Autant vous le dire tout de suite, nous ne sommes pas du tout sur le même profil que la semaine passée. Là où nous avions affaire à un vieux de la vieille avec Jeffrey Christian, Lyn Alden, du haut de ses 33 ans, pourrait donner l’impression d’être une nouvelle venue dans le monde de la recherche financière. En réalité, il n’en n’est rien.

Cette américaine n’a pas attendu de terminer ses études, en 2015, pour réfléchir à des stratégies d’enrichissement et créer la Lyn Alden Investment Strategy en décembre 2016, une lettre de conseil en investissement lue chaque mois par des centaines de milliers d’investisseurs particuliers et professionnels. Il faut dire aussi que Lyn Alden n’est pas issue des milieux dont proviennent habituellement les grands noms de la finance contemporaine…

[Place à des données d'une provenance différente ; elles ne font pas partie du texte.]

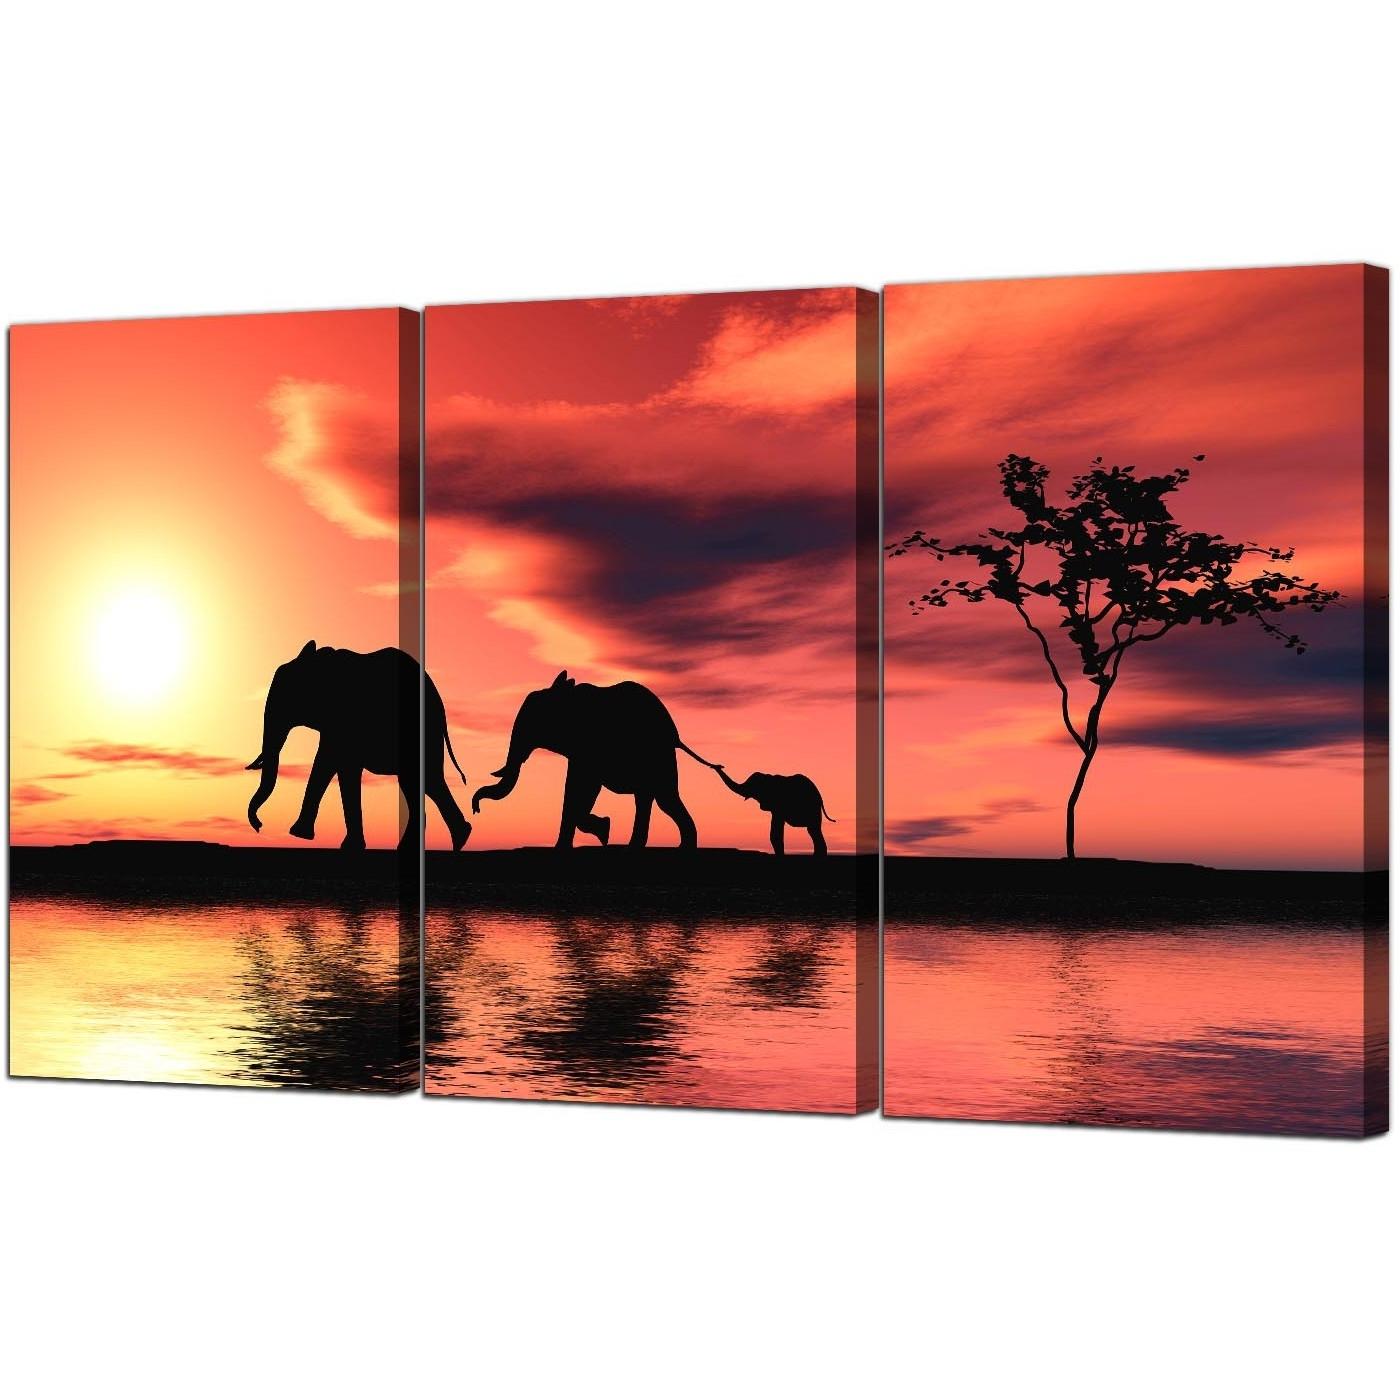 Elephant Canvas Wall Art regarding Popular Elephants Canvas Prints Set Of 3 For Your Living Room
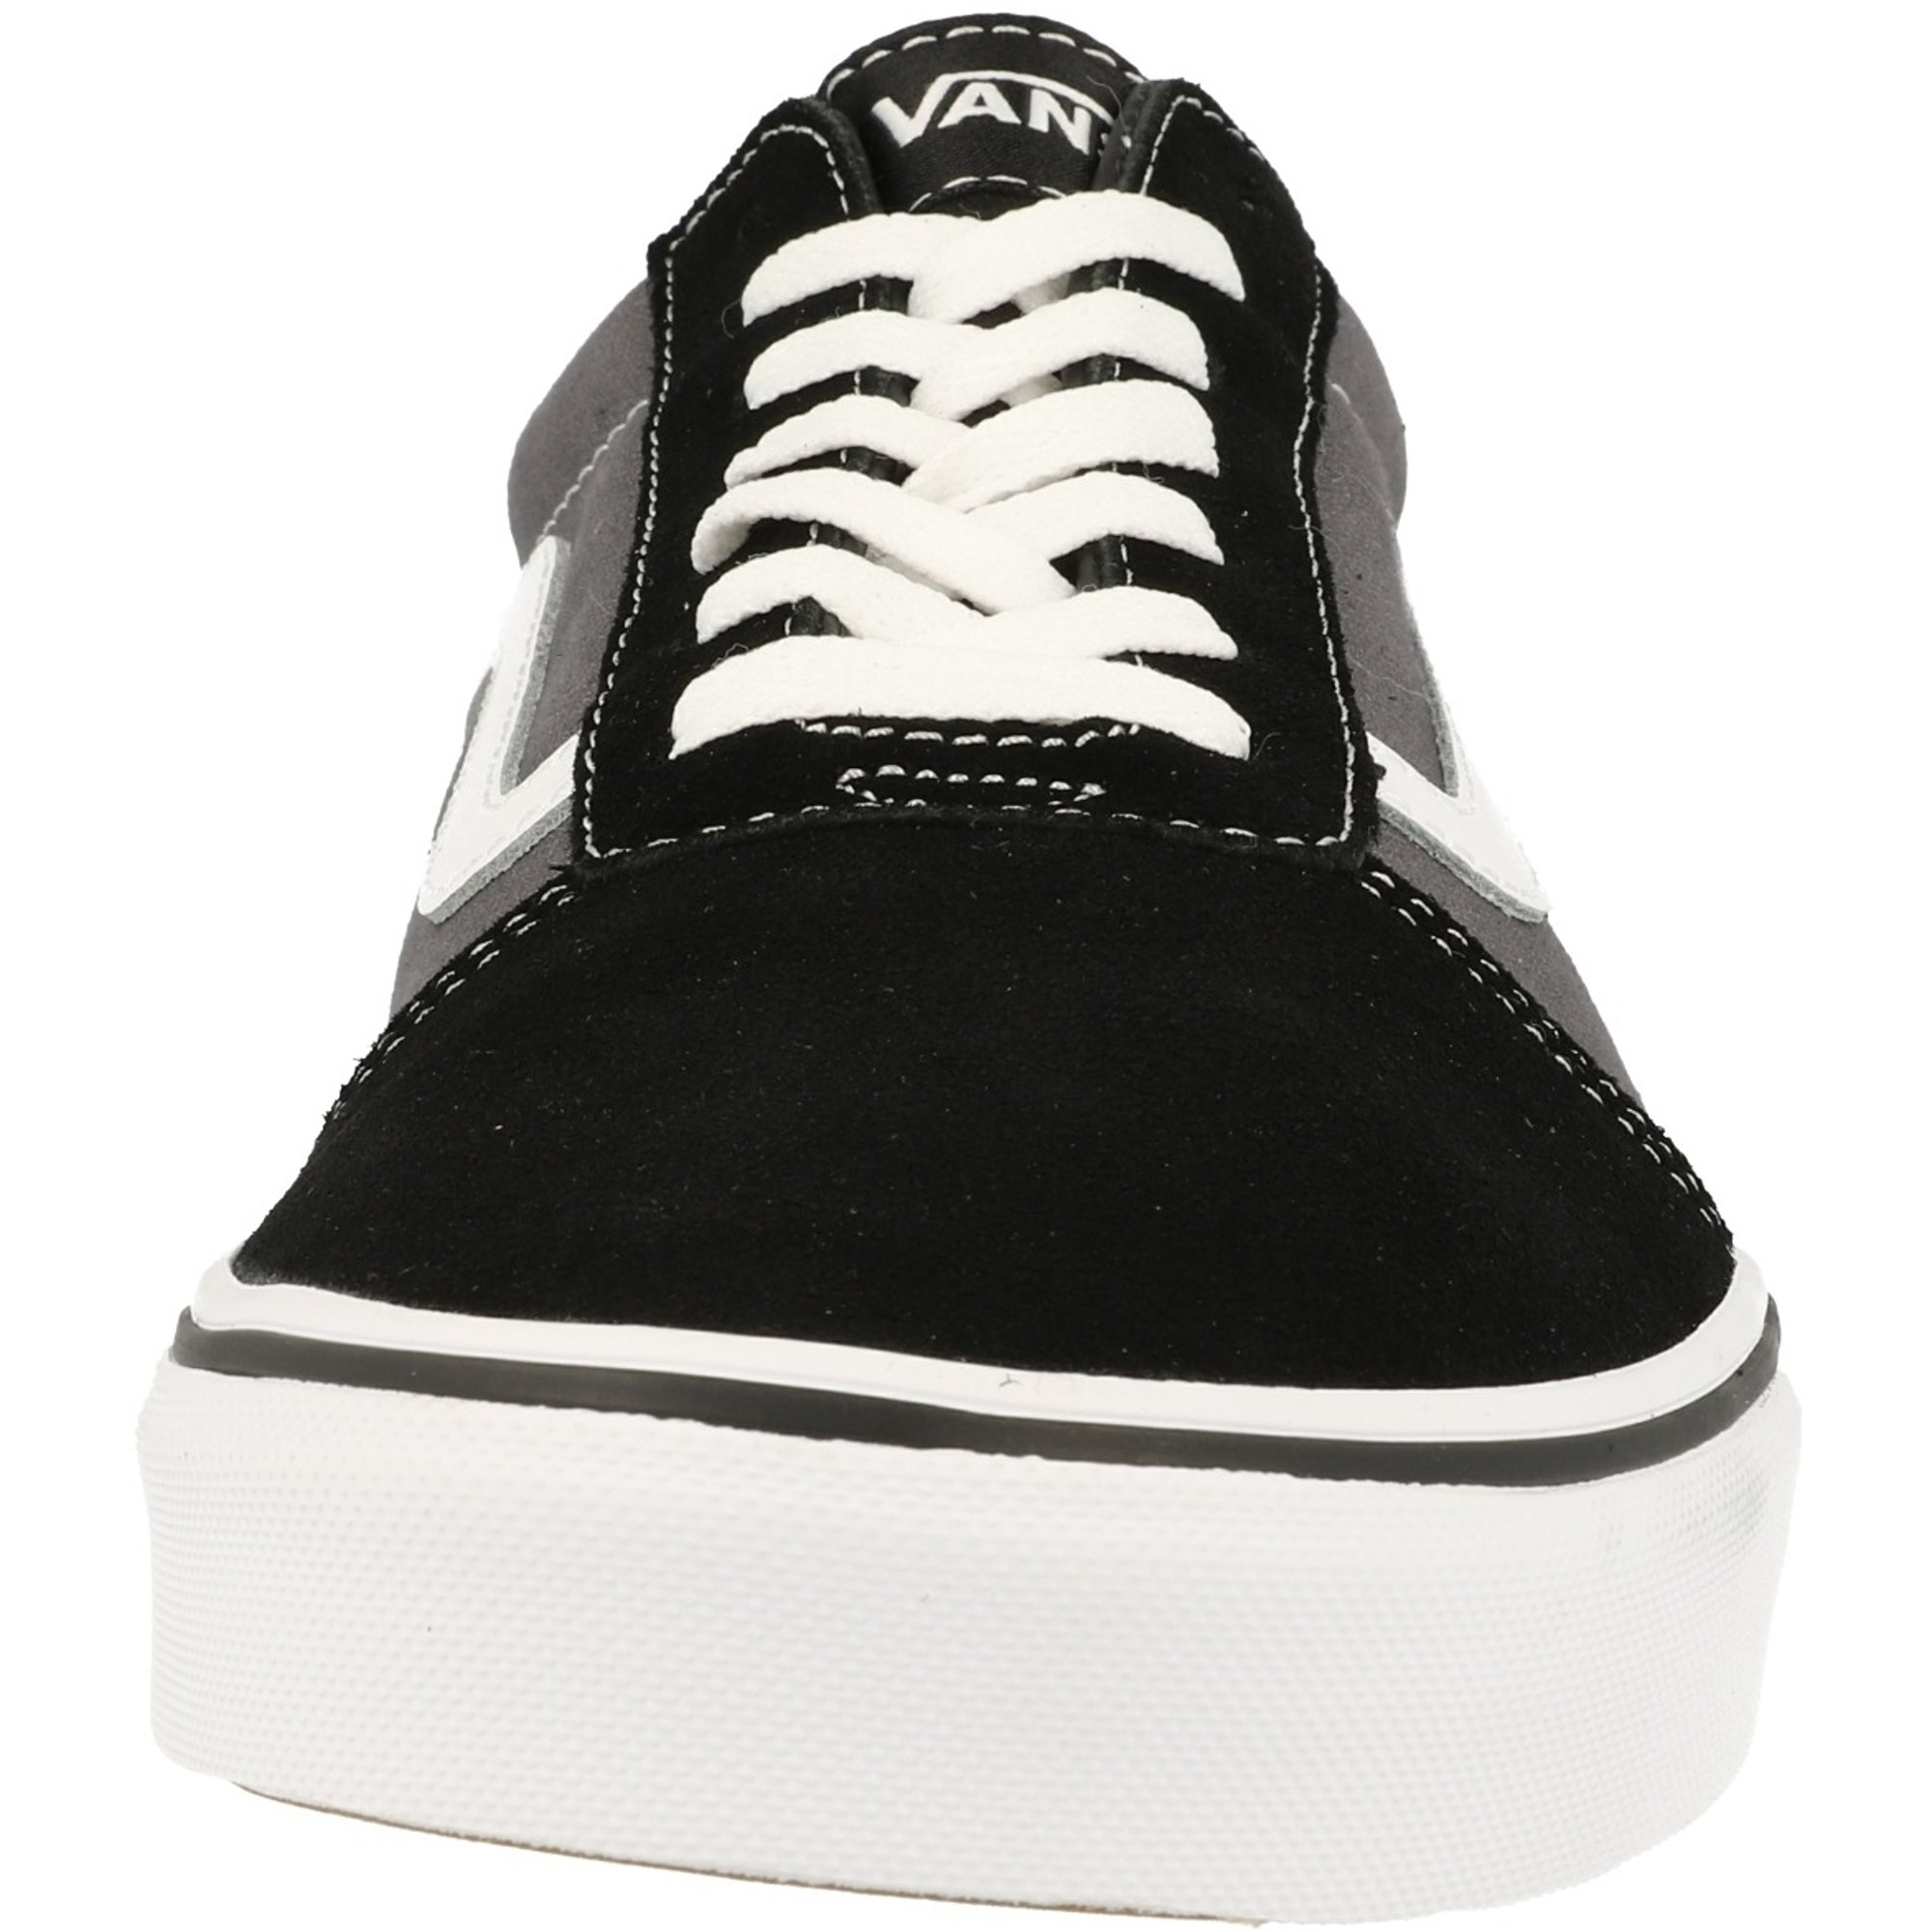 Vans Active MN Ward Black/Pewter Suede

Lorsqu’enfant, on a dû compter sur la charité pour se nourrir, on a souvent plus d’appétit pour la vie que son voisin !

Enfant d’un couple séparé, Lyn Alden passe sa petite enfance aux côtés de sa mère qui les conduit de refuges pour sans-abri en motels bon marché, quand elles ne doivent pas dormir dans leur voiture. La situation de Lyn s’améliore lorsqu’elle rejoint son vieux père dans un parc de maisons mobiles, jusqu’à son départ à l’université qu’elle finance à 18 ans au travers d’un prêt étudiant de 50 000 $ et un travail à temps partiel.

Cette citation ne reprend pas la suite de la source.